Give back each record precisely, pictures excluded.
##### DATA RECORDS #####
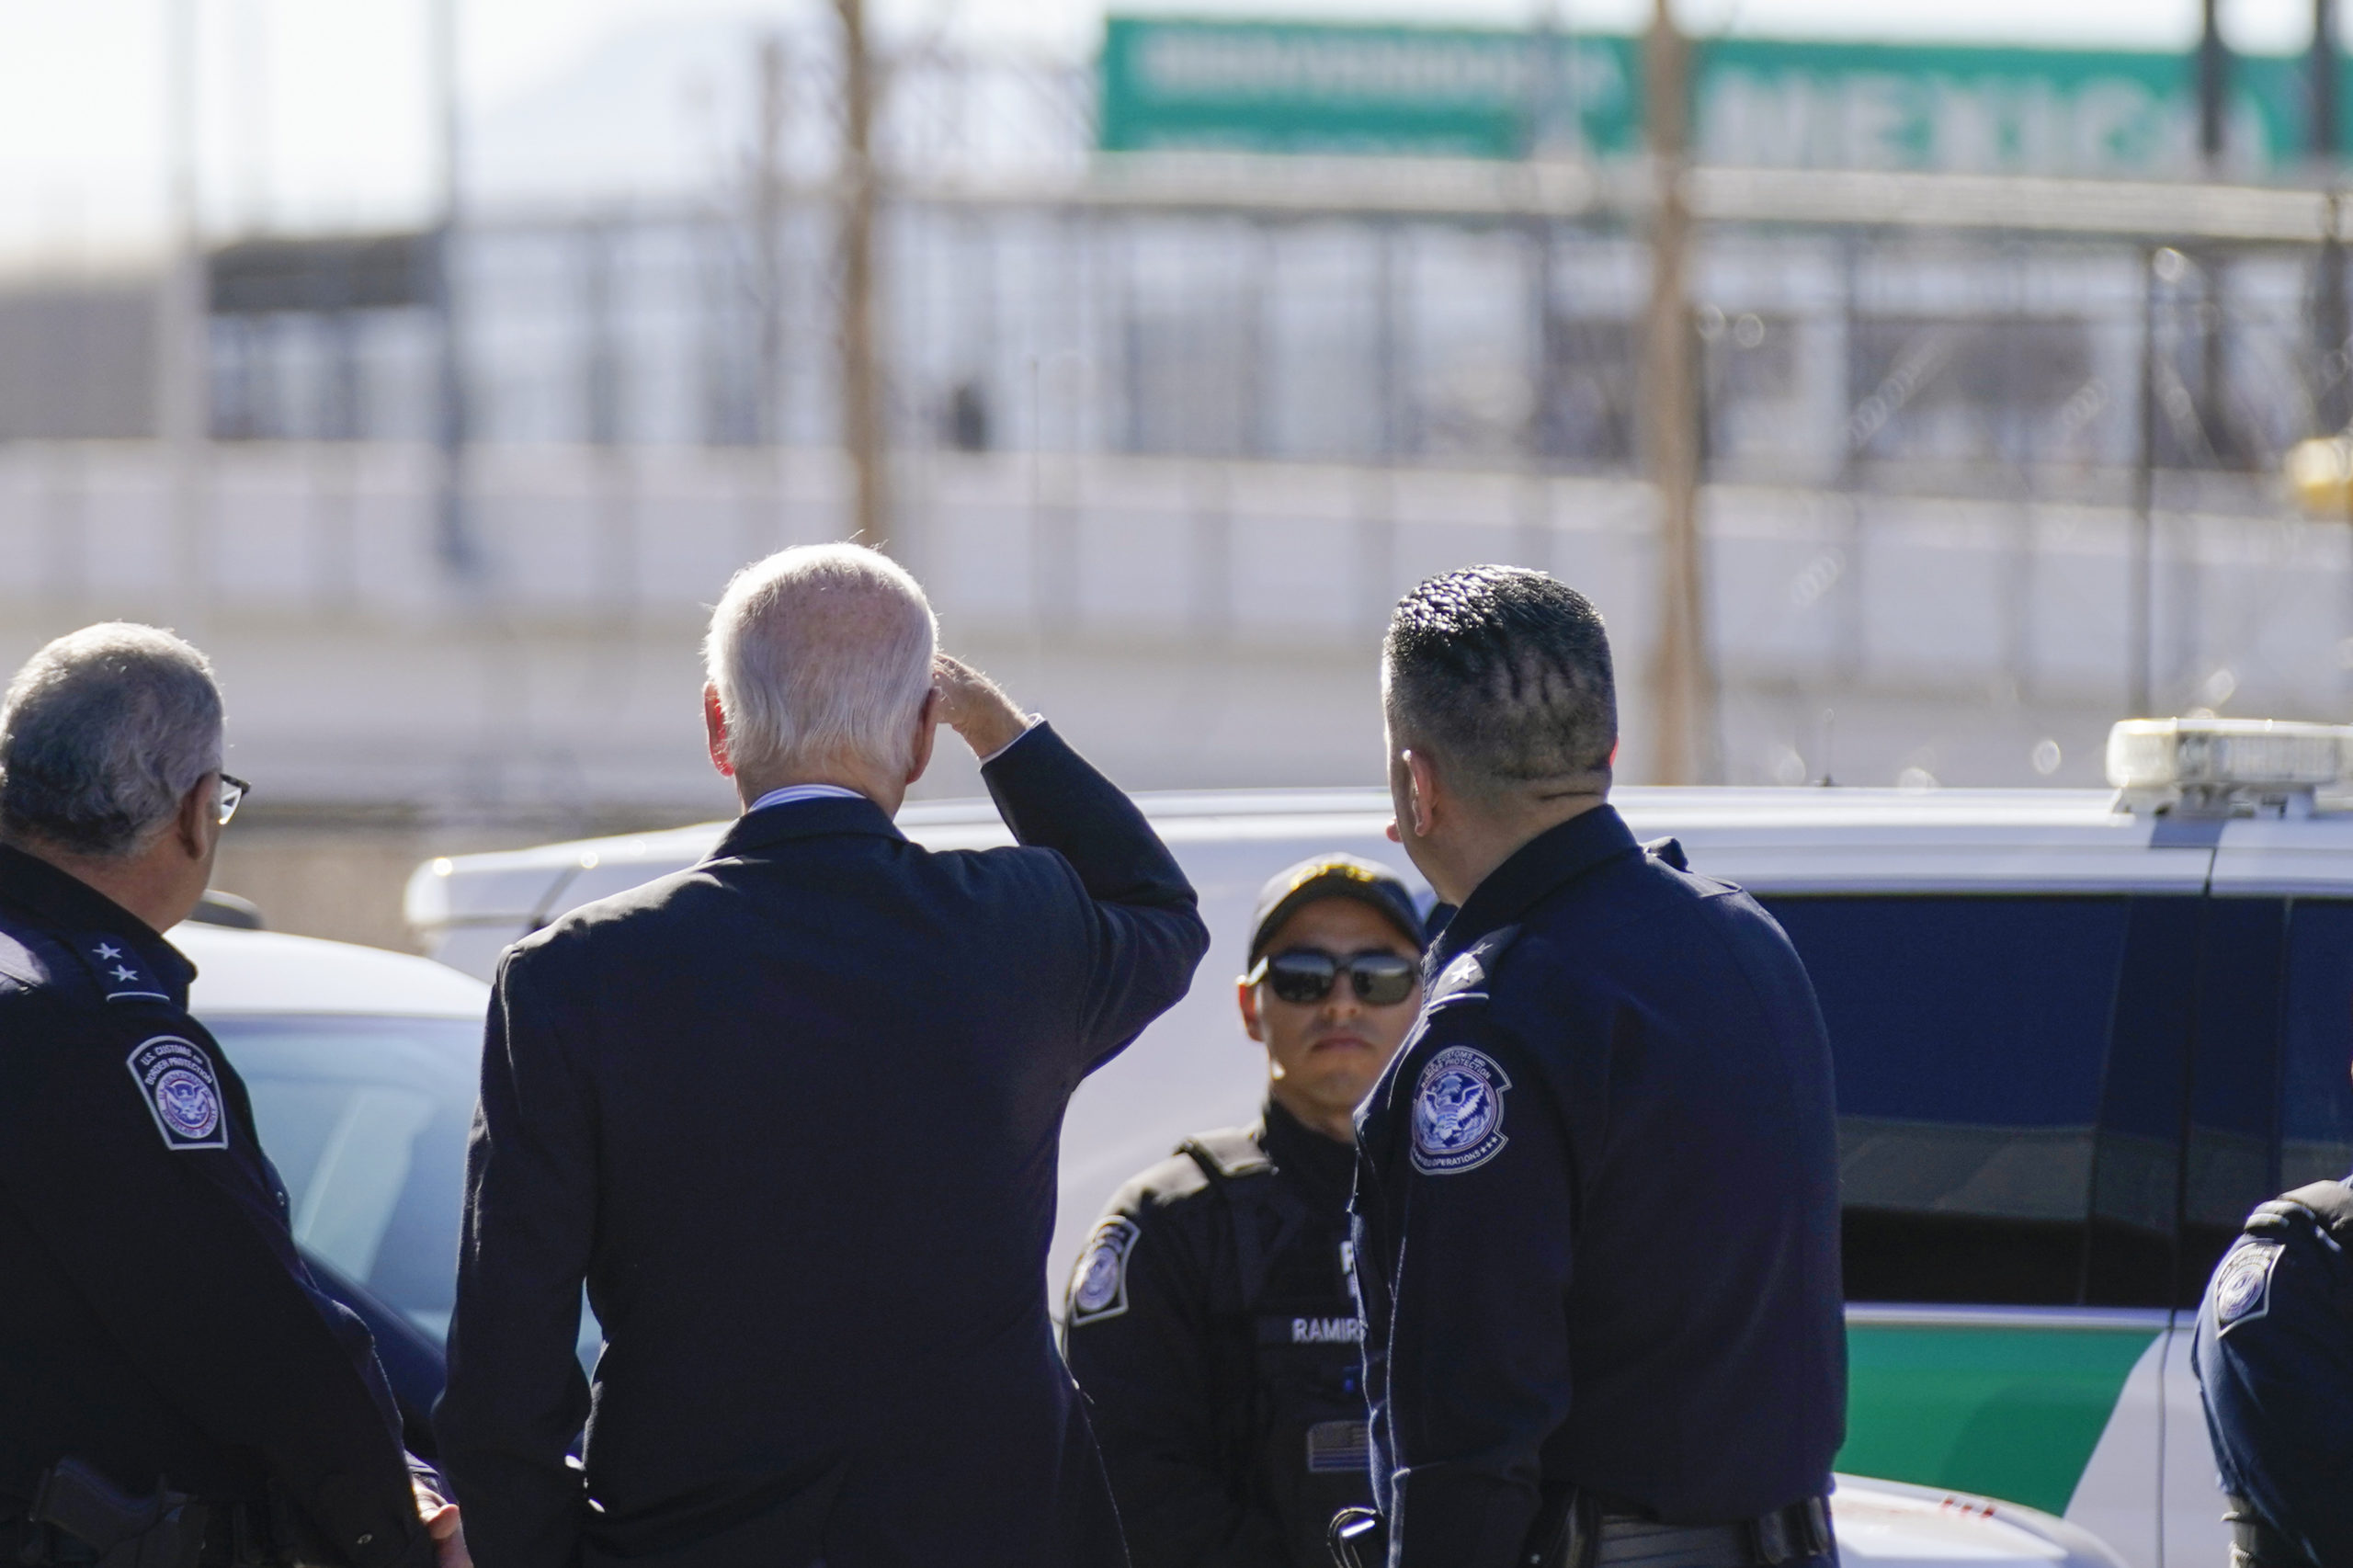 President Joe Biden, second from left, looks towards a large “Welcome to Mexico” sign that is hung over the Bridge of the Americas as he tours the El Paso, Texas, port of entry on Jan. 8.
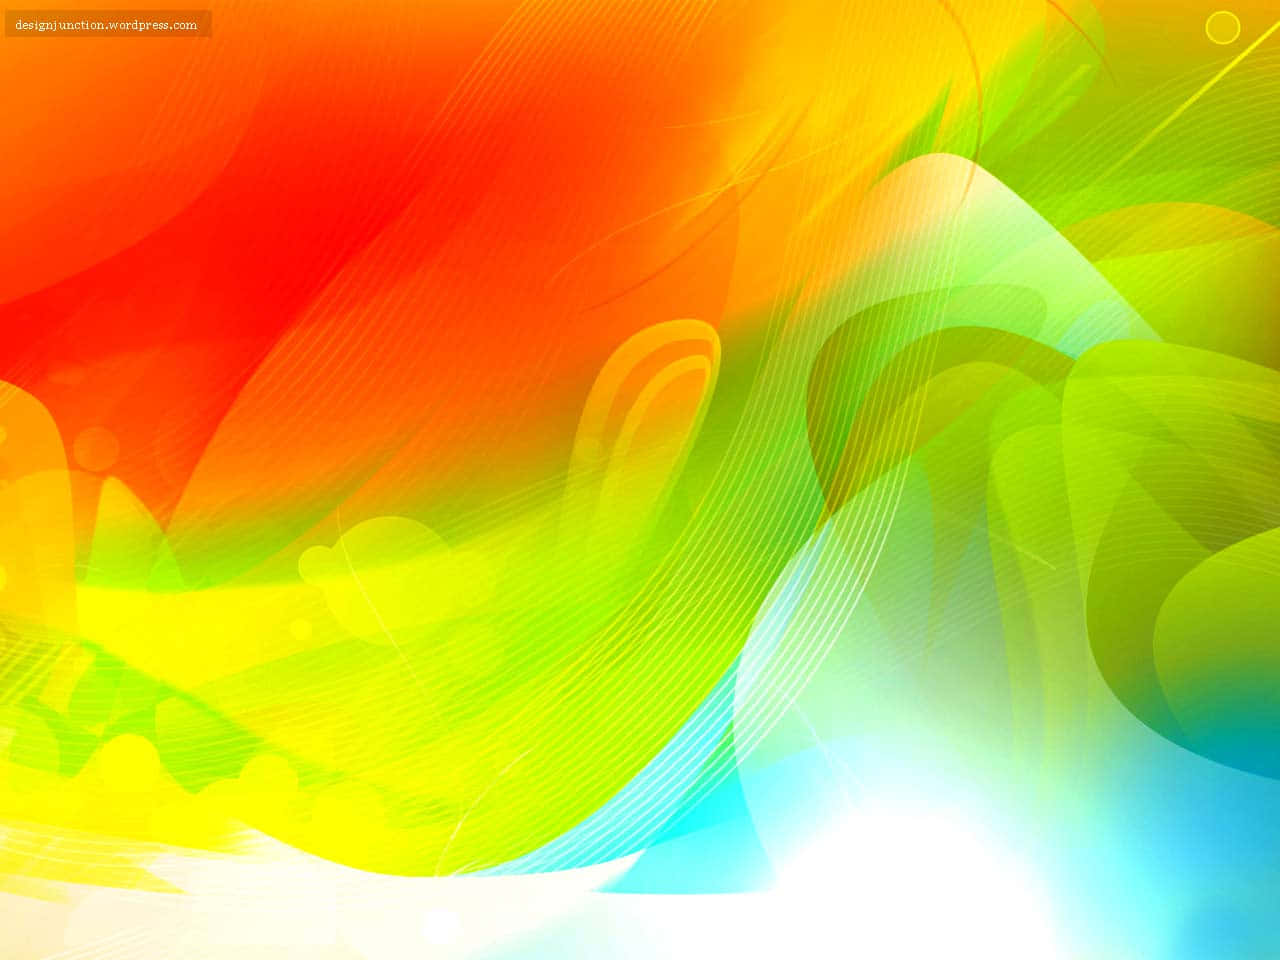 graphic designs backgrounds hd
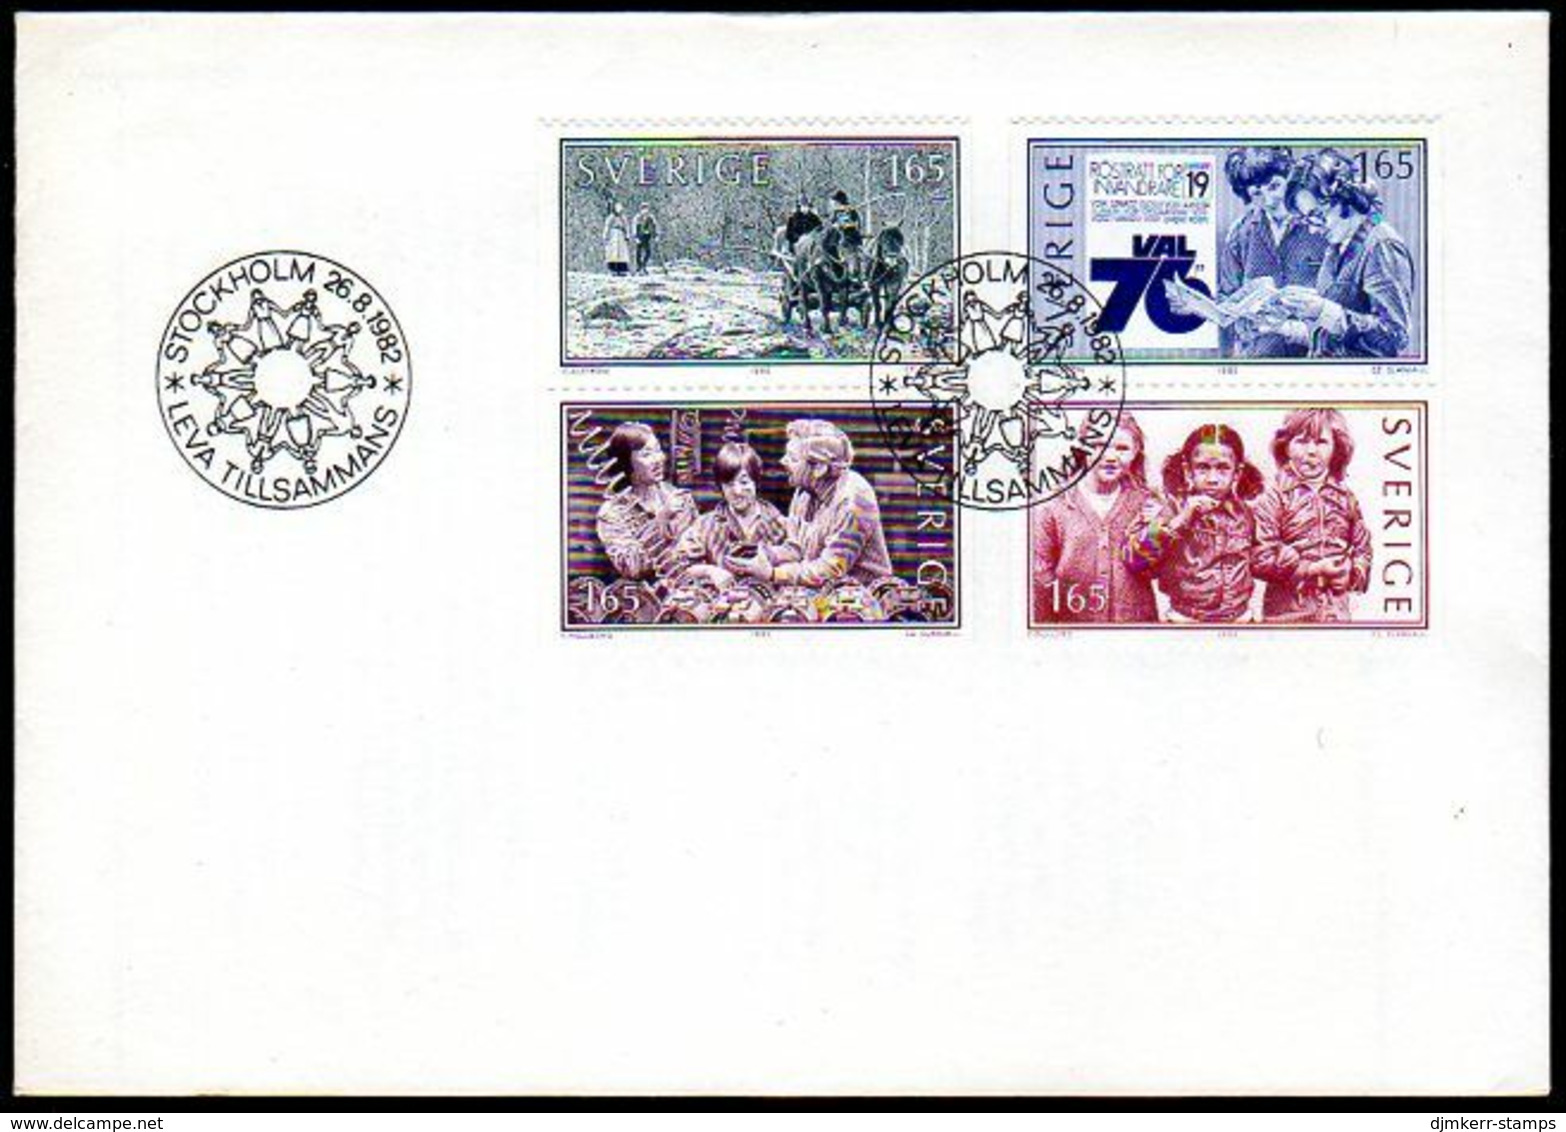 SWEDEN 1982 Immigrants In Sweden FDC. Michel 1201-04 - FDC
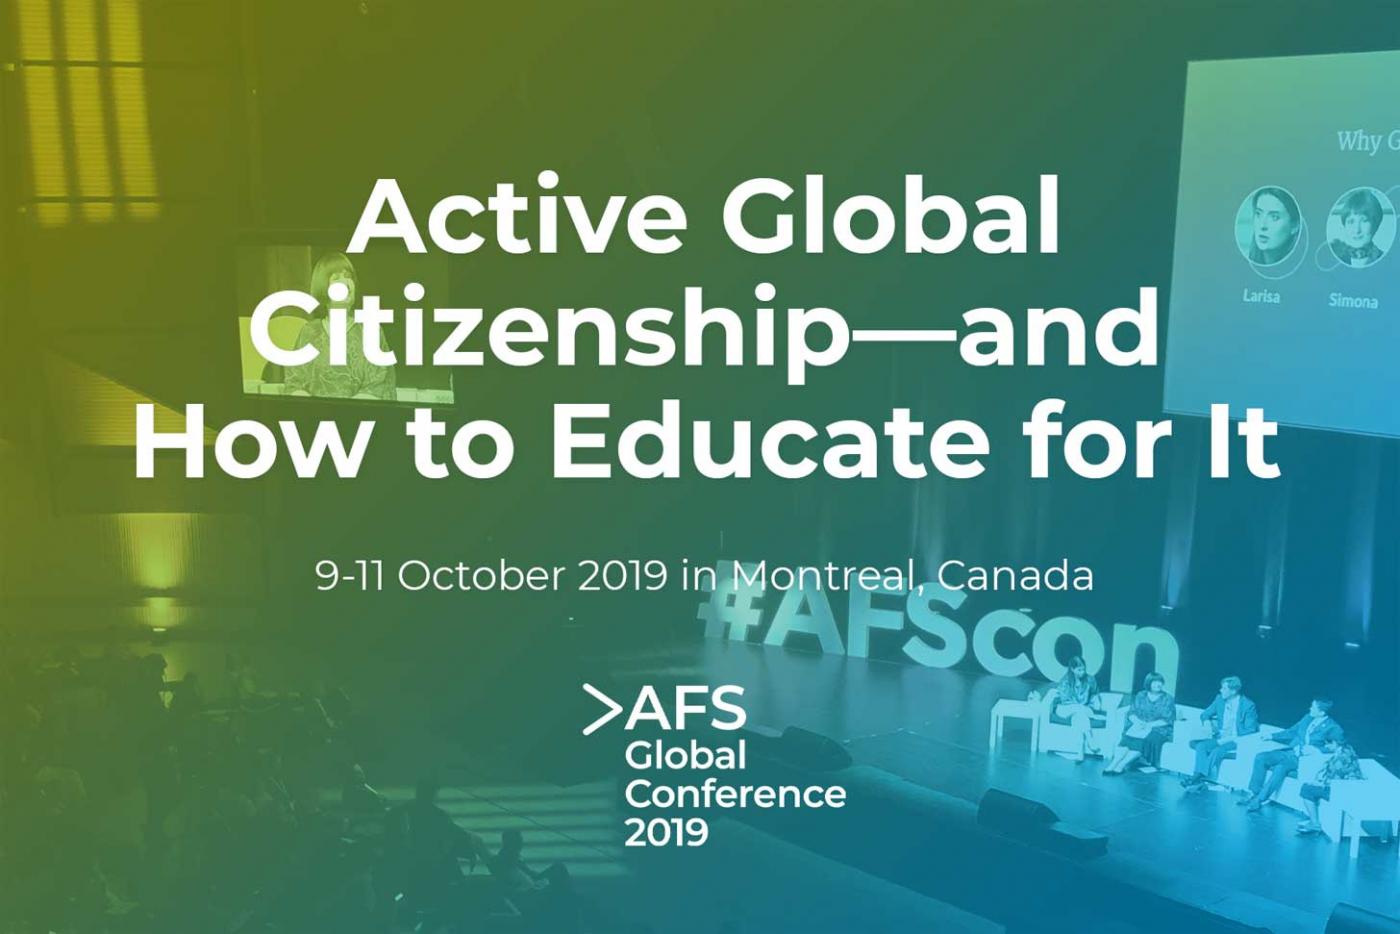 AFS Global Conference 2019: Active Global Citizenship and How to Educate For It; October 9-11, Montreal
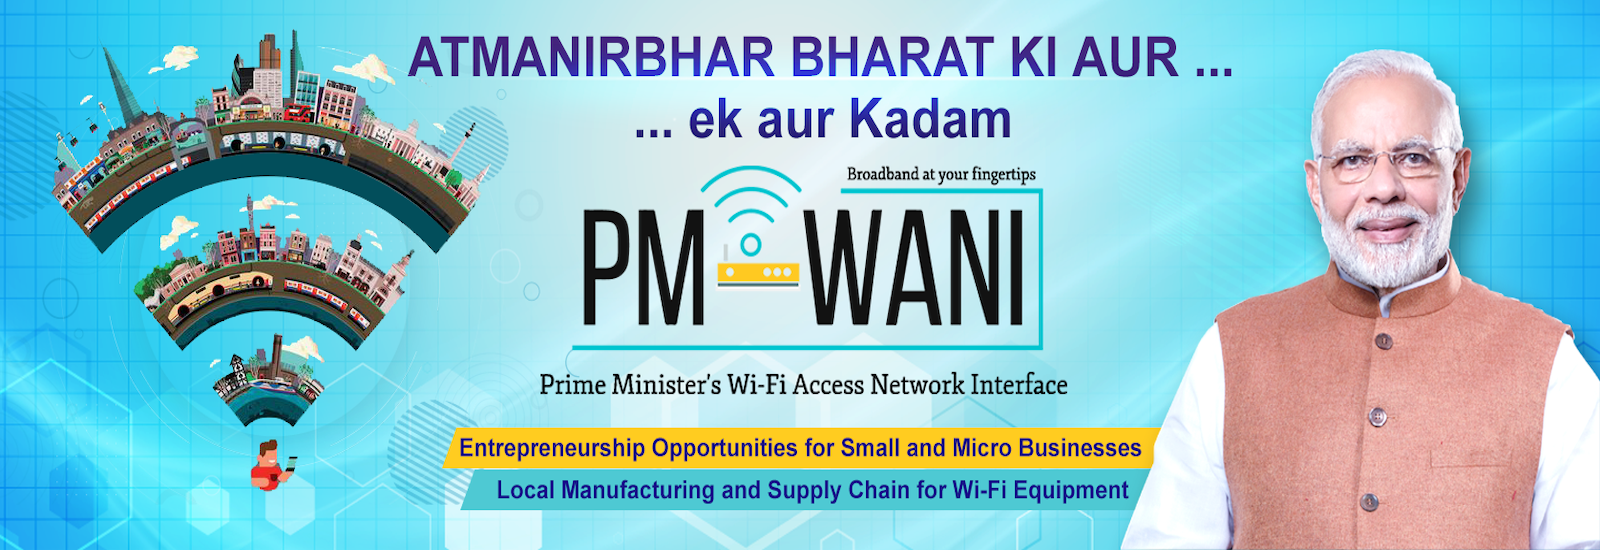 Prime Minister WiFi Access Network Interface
#####
WRITTEN RESPONSE
 President Joe Biden, second from left, looks towards a large “Welcome to Mexico” sign that is hung over the Bridge of the Americas as he tours the El Paso, Texas, port of entry on Jan. 8.
 graphic designs backgrounds hd
 SWEDEN 1982 Immigrants In Sweden FDC. Michel 1201-04 - FDC
 AFS Global Conference 2019: Active Global Citizenship and How to Educate For It; October 9-11, Montreal
 Prime Minister WiFi Access Network Interface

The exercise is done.